(Dataset section)

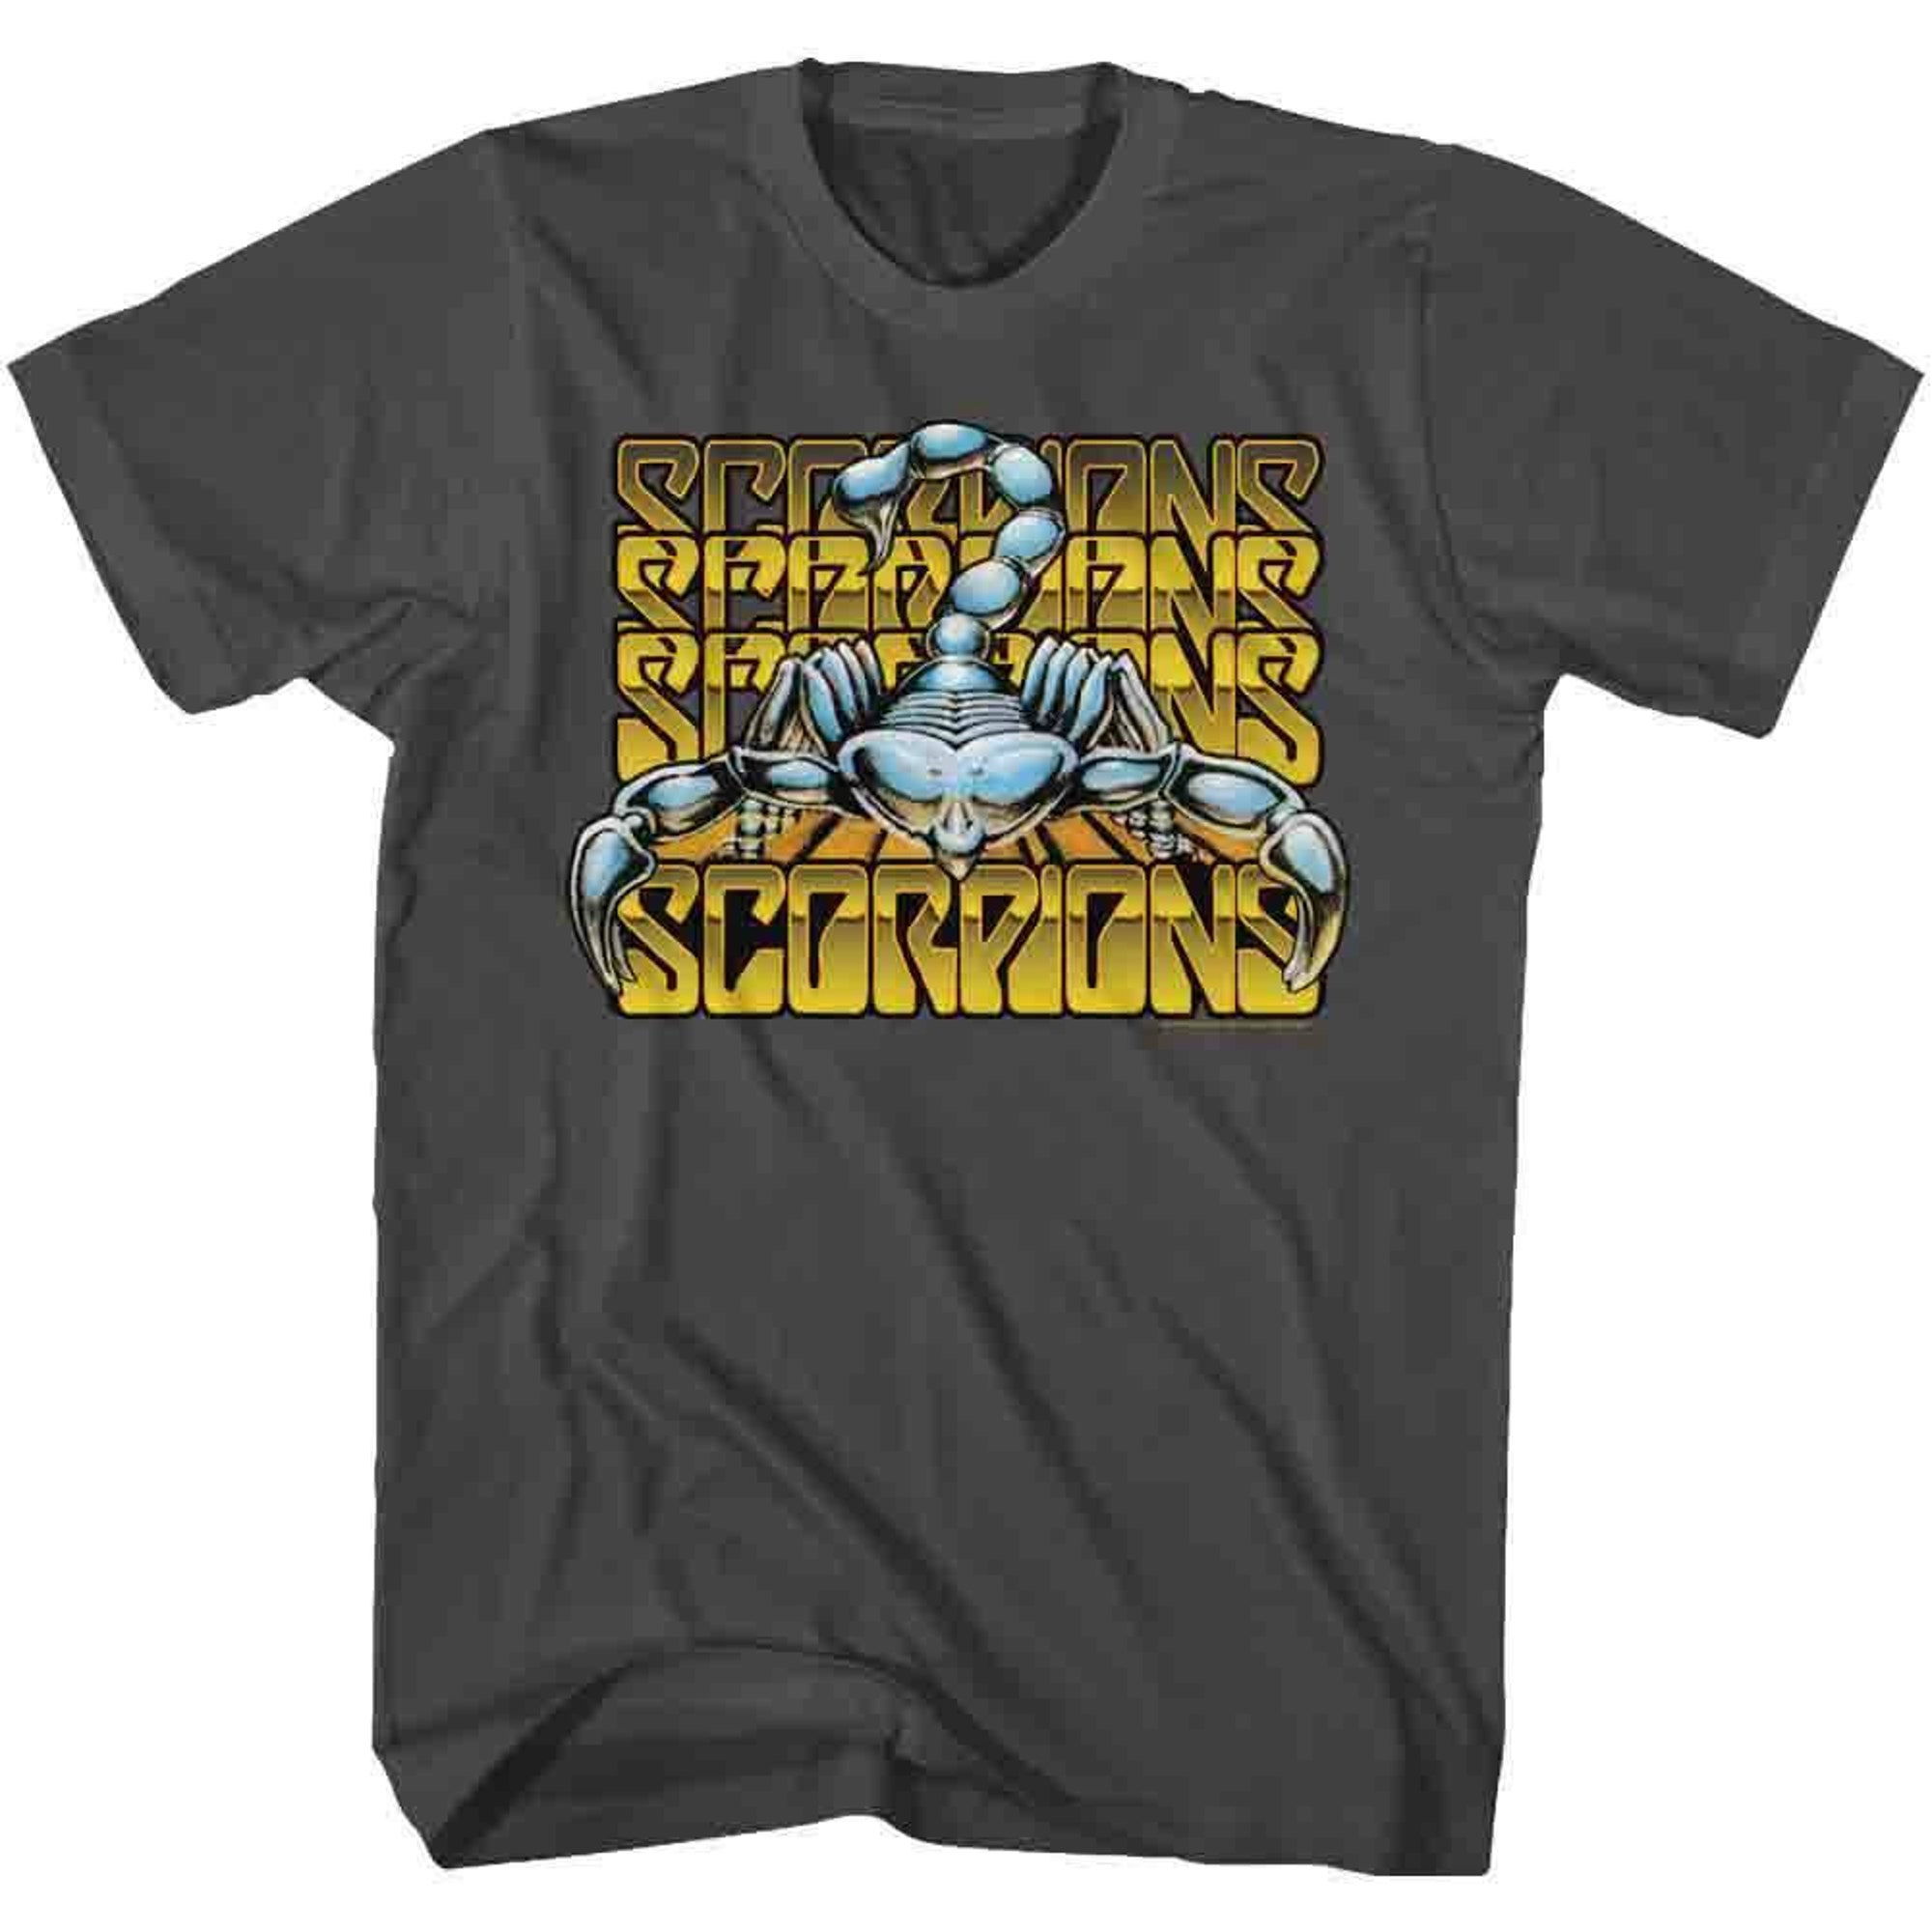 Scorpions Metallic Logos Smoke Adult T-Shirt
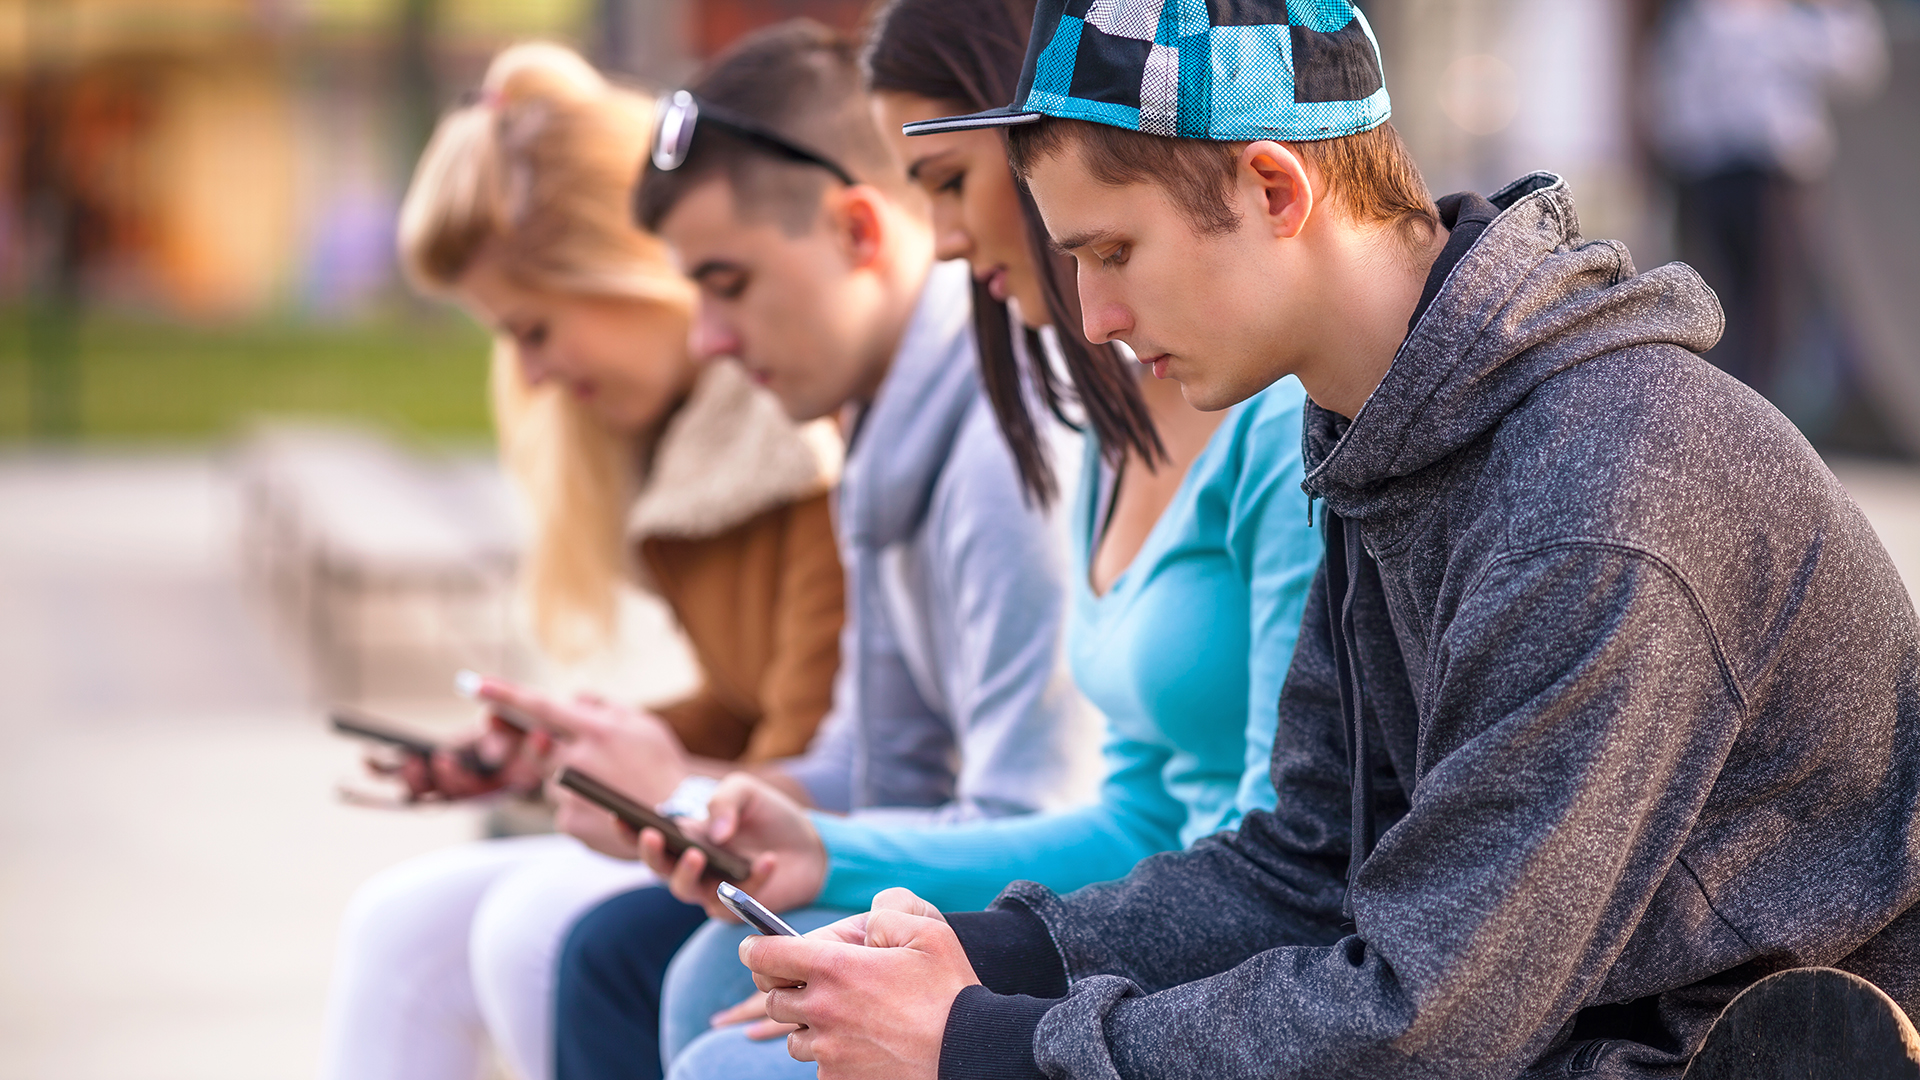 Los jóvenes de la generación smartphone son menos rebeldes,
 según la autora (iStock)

(End Dataset section)

**Exercise goal**
Output a verbatim copy of the lines from the line containing "Los jóvenes de" through the end of the data, both included, without any images.

**Task answer**
 Los jóvenes de la generación smartphone son menos rebeldes,
 según la autora (iStock)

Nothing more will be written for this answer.